# CS 136 Tutorials - Spring 2007

## Tutorial 7: Midterm Review (June 15)

The main purpose of today's tutorial is to help prepare you for the midterm exam next week. However, do not assume that the topics covered here are exactly those on the exam. For more information on the exam, see the exams page.
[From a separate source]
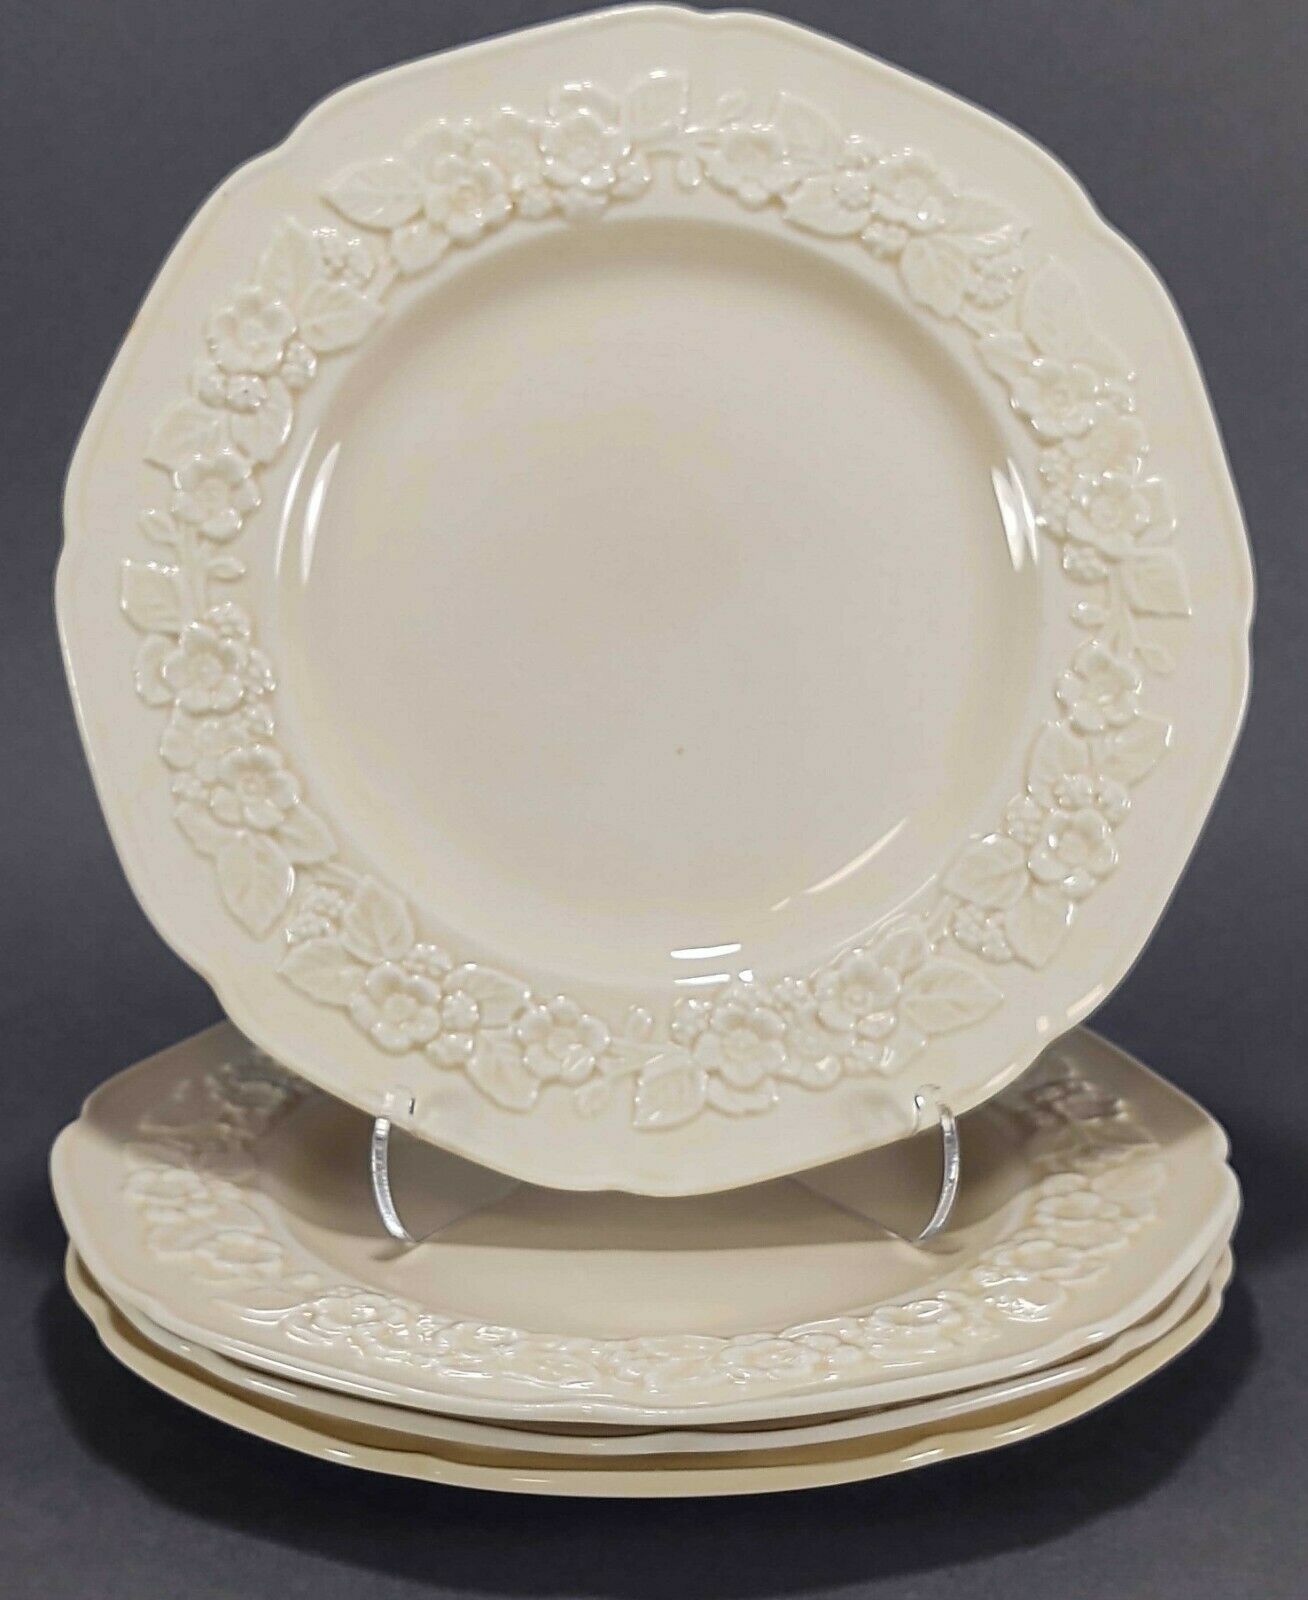 Crown Ducal Plates Gainsborough Cream Embossed Rim 7" Dessert Pie Plates Set 4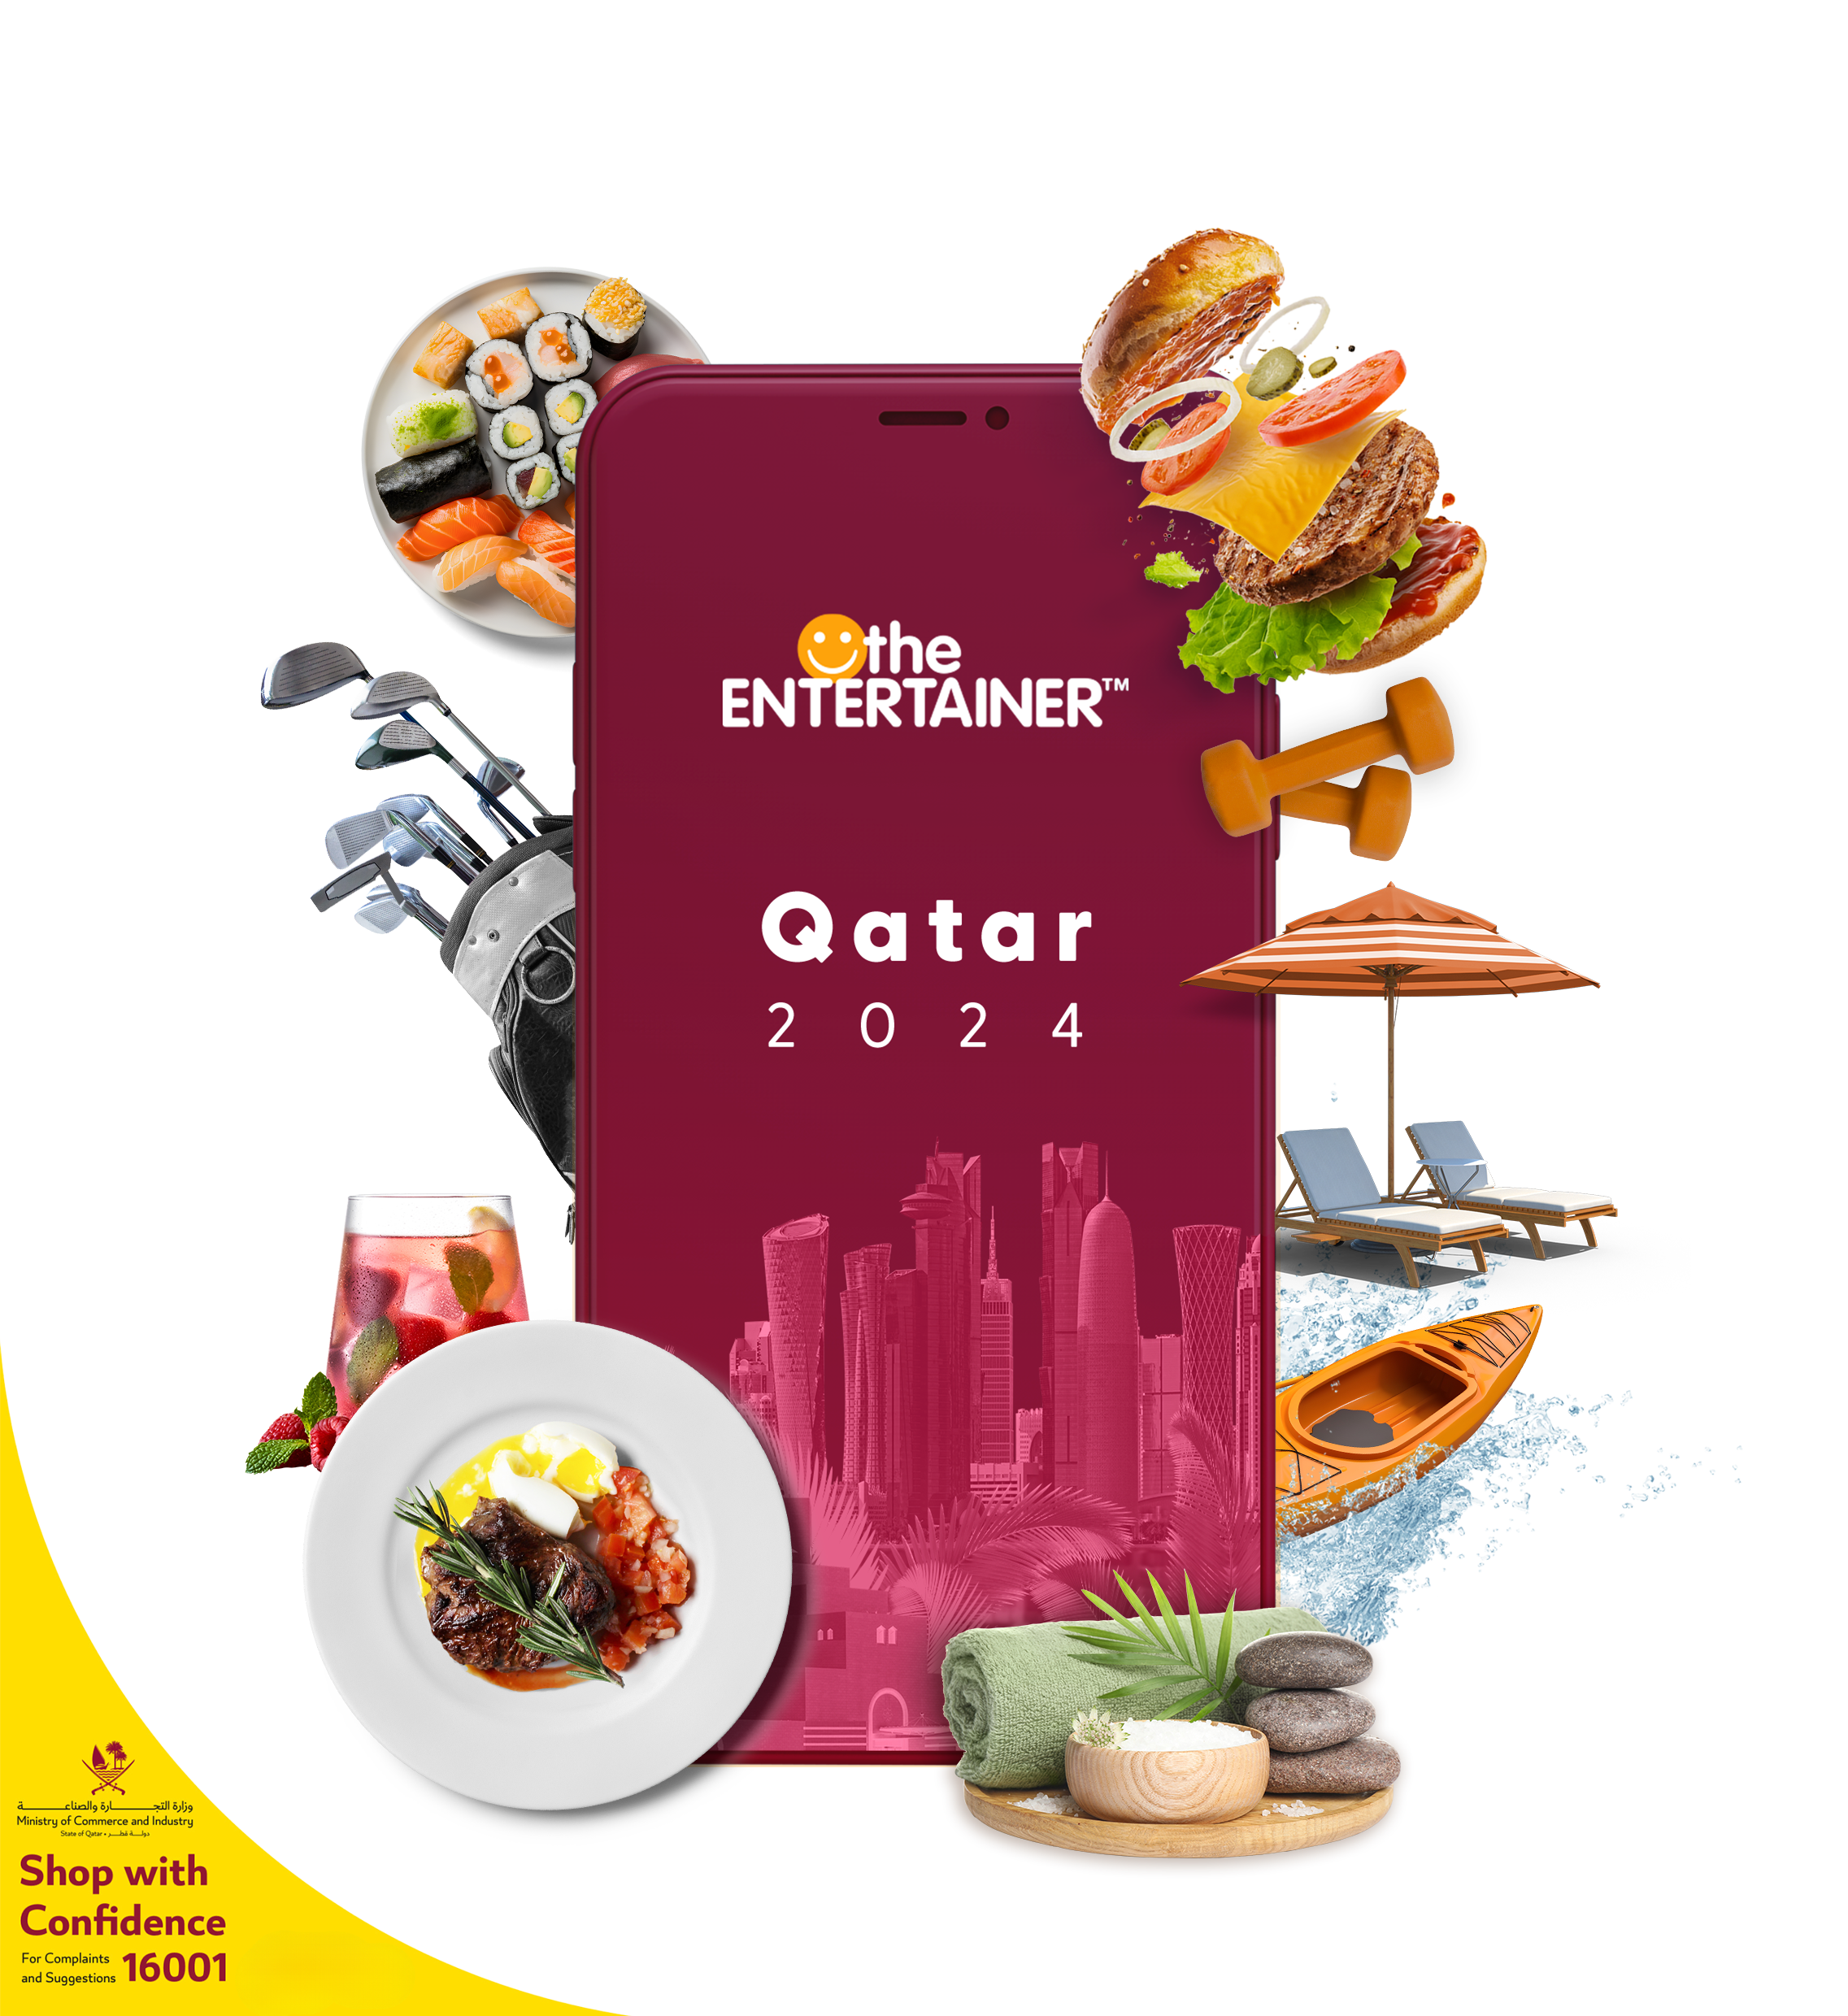 ENTERTAINER Qatar 2024

Make sure you understand all the components of the following description of the Simple Set abstract data type (ADT):

A Simple Set is a (possibly empty) set of numbers {s1,s2,..., sn}. There are two operations on Simple Sets, as follows:

• The member operation has two arguments: a number x and a Simple Set S = {s1,s2,..., sn}, with precondition "true". The postcondition is "true", and the value "true" is returned if and only if x is an element in the set S.
• The insert operation has two arguments: a number x and a Simple Set S = {s1,s2,..., sn}, with precondition that x is not in S. The postcondition is that x is in S, and no value is returned.

An implementation of the Simple Set ADT using an unordered list of numbers is given as class `ss-list%` in the skeleton code for today's tutorial.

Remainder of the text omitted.